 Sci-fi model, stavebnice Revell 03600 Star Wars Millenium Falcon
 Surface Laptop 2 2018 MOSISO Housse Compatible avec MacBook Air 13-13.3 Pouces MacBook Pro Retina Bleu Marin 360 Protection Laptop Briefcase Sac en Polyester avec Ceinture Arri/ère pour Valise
-*-
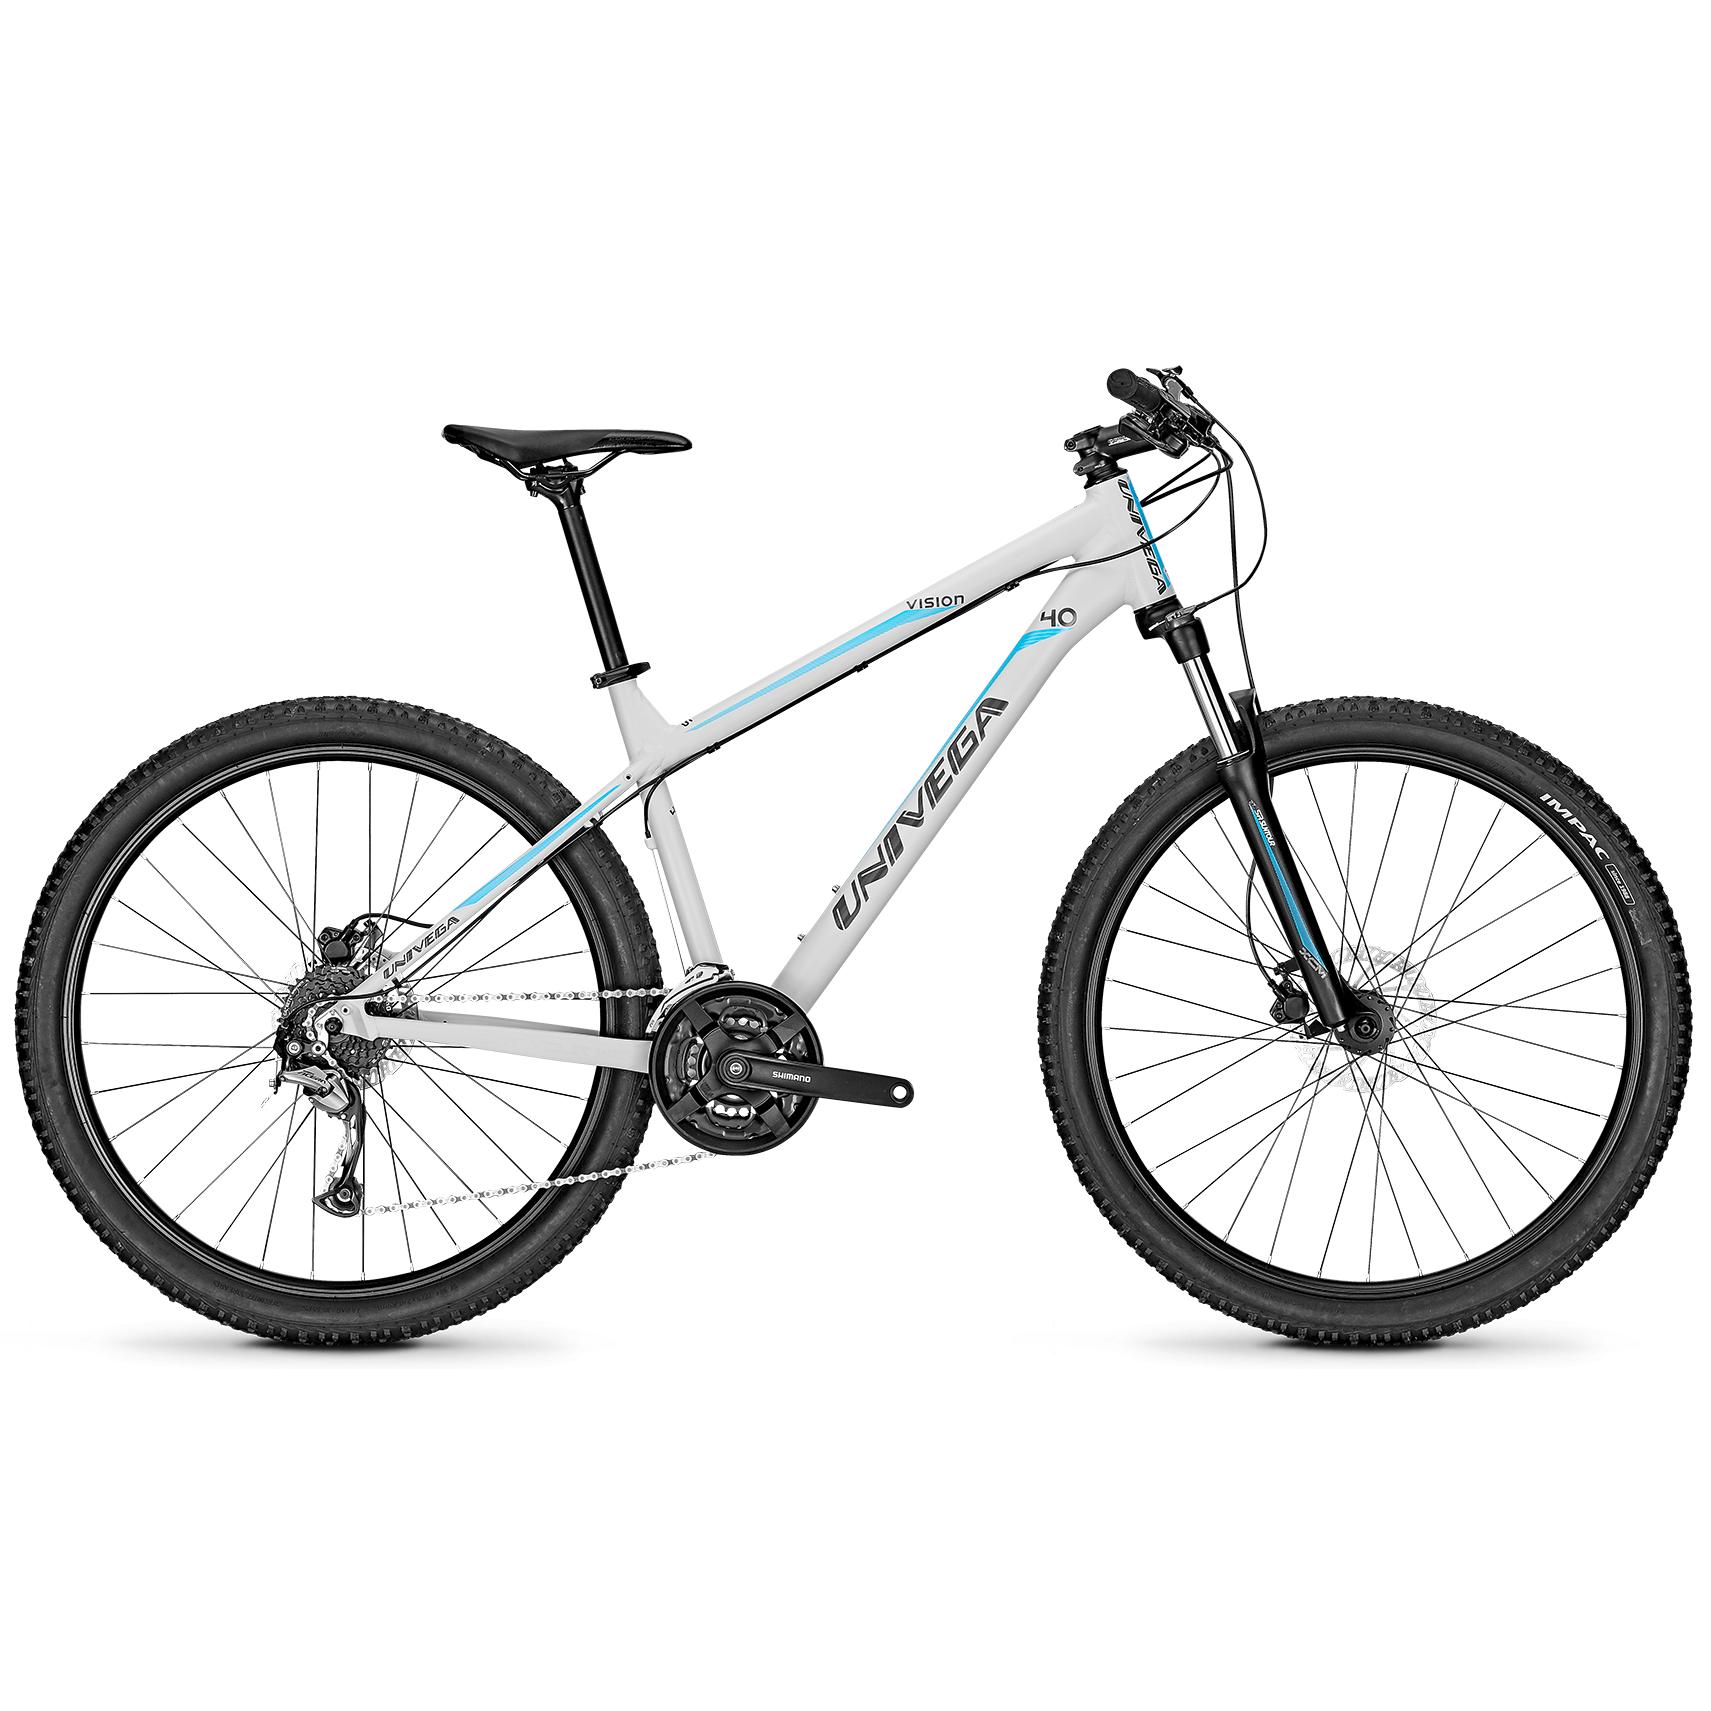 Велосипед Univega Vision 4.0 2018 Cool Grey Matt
-*-
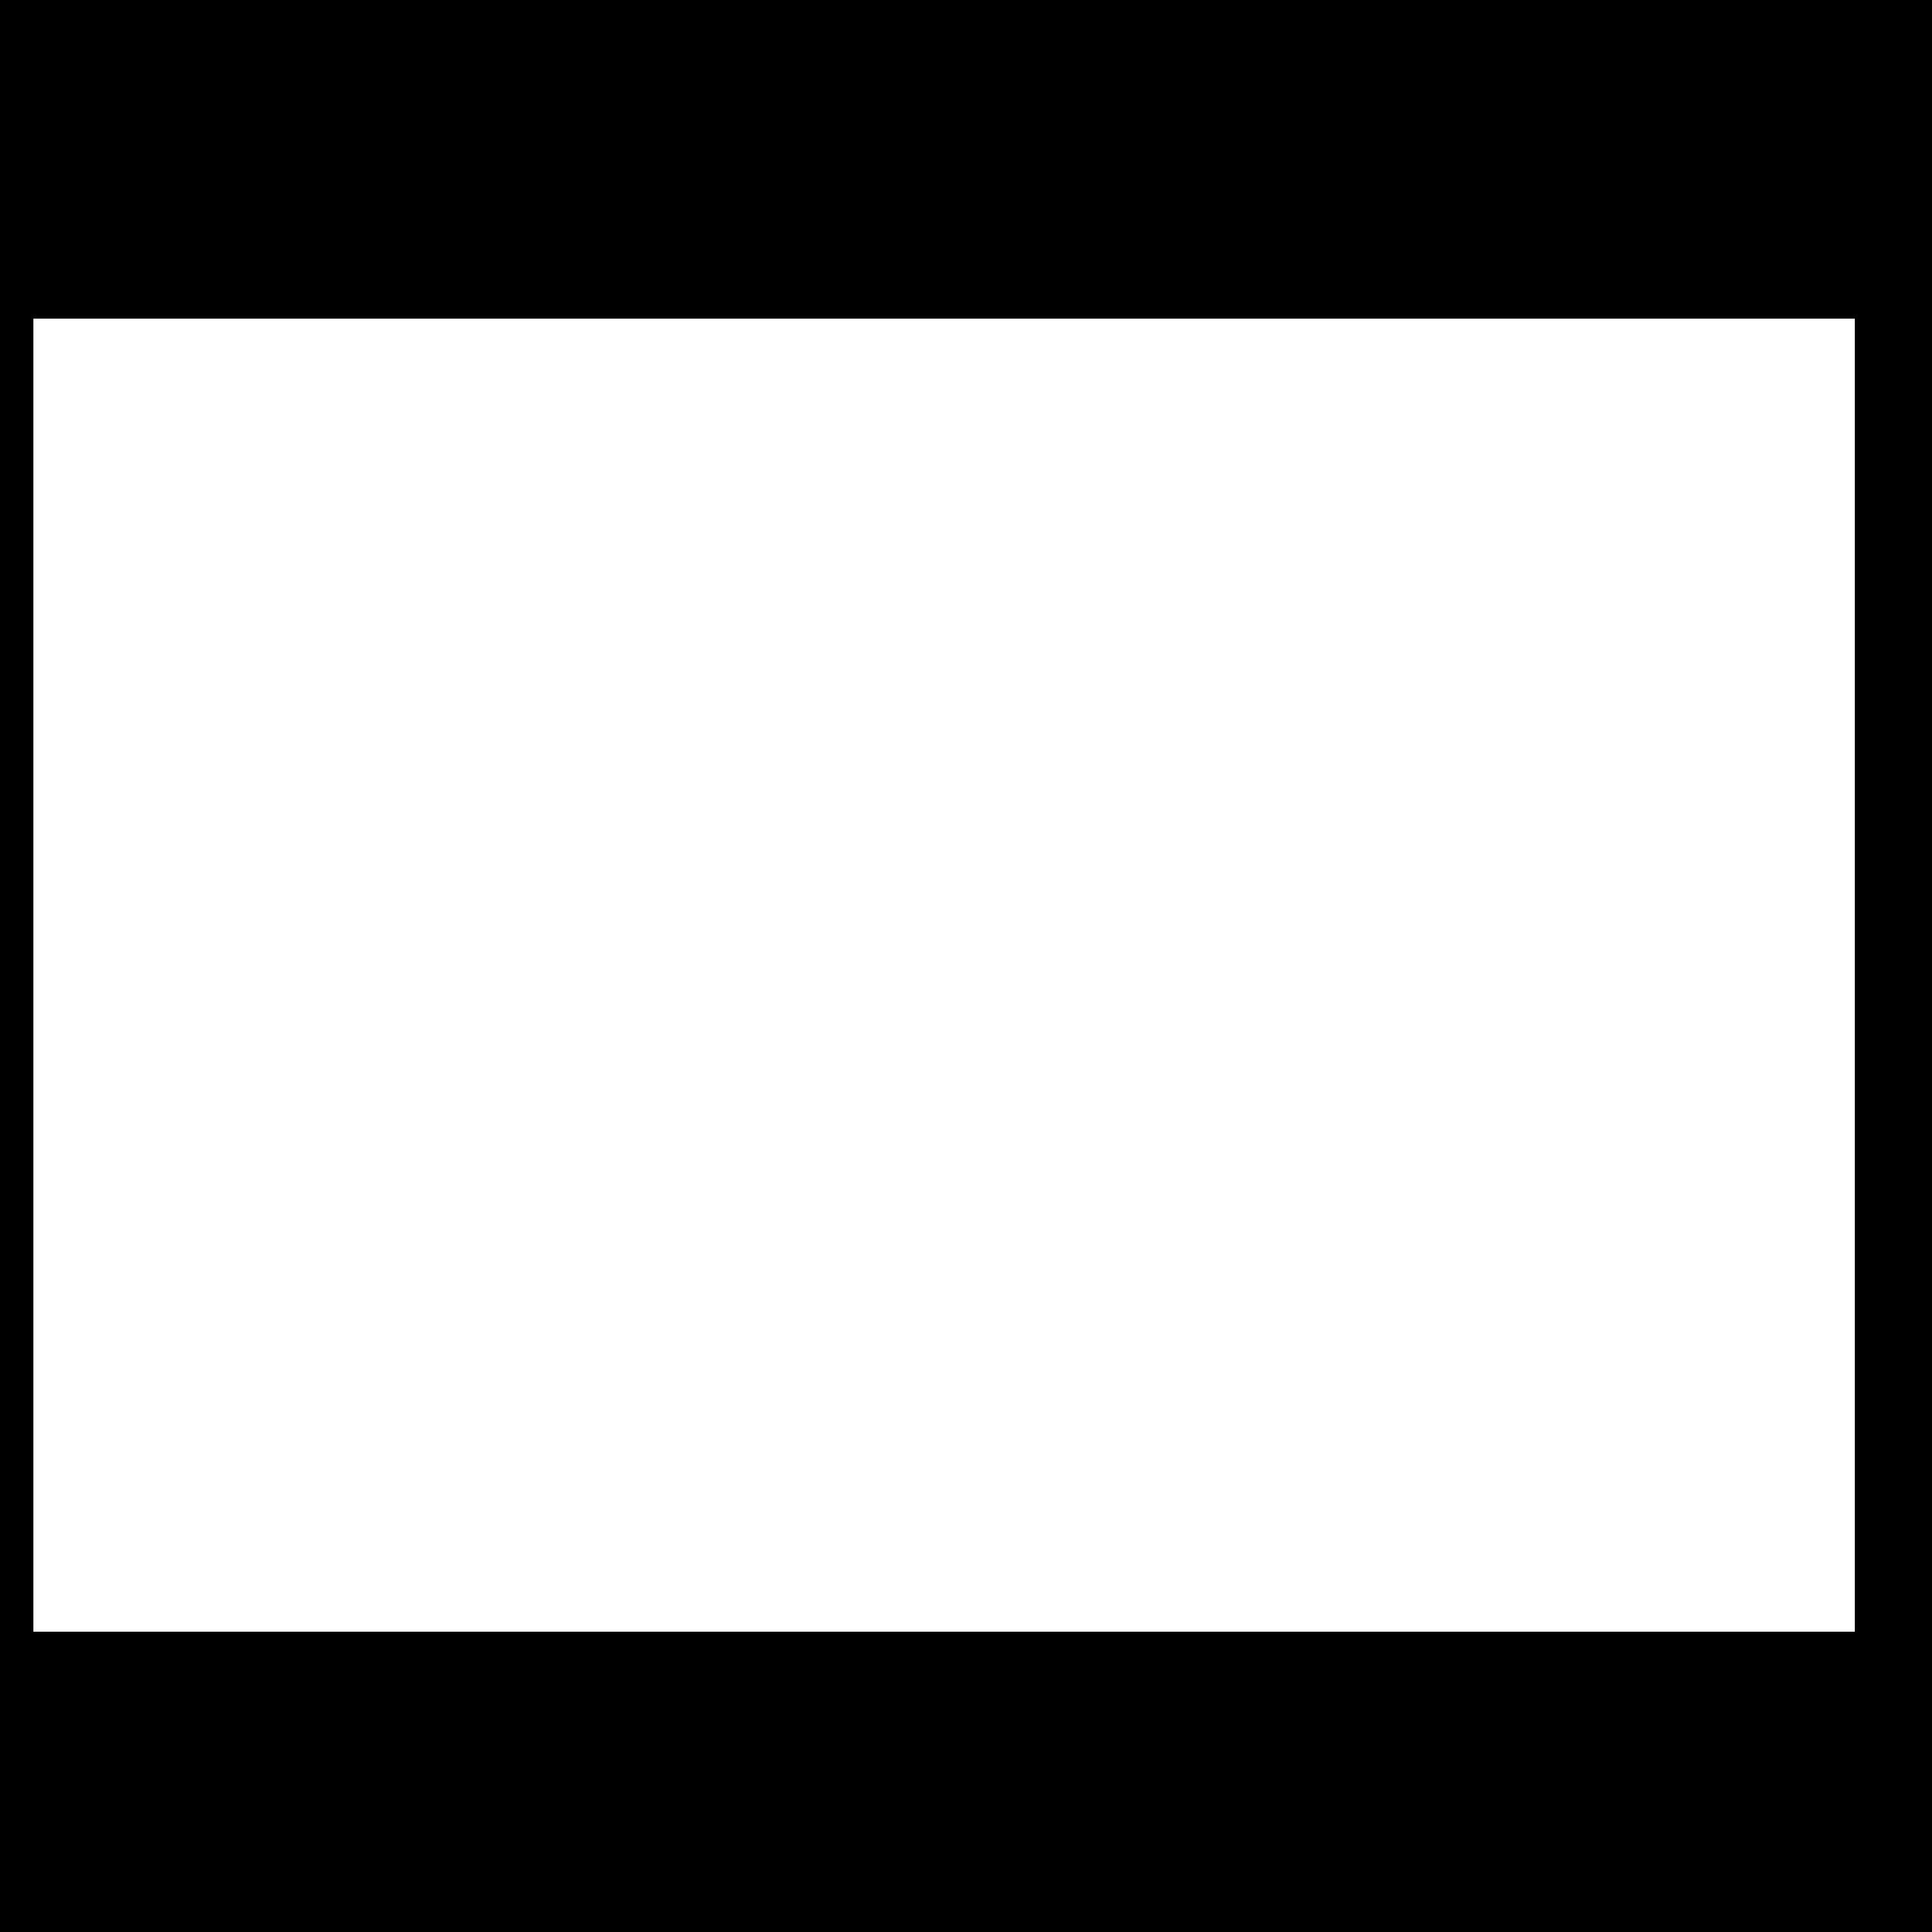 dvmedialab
-*-
• _YOUR INSTRUCTIONS_
Scan the lines above for "Sci-fi model, stavebnice" and for "Surface Laptop 2". Repeat exactly the line holding each of them and every line in between.

• _ANSWER TO THIS TASK_
 Sci-fi model, stavebnice Revell 03600 Star Wars Millenium Falcon
 Surface Laptop 2 2018 MOSISO Housse Compatible avec MacBook Air 13-13.3 Pouces MacBook Pro Retina Bleu Marin 360 Protection Laptop Briefcase Sac en Polyester avec Ceinture Arri/ère pour Valise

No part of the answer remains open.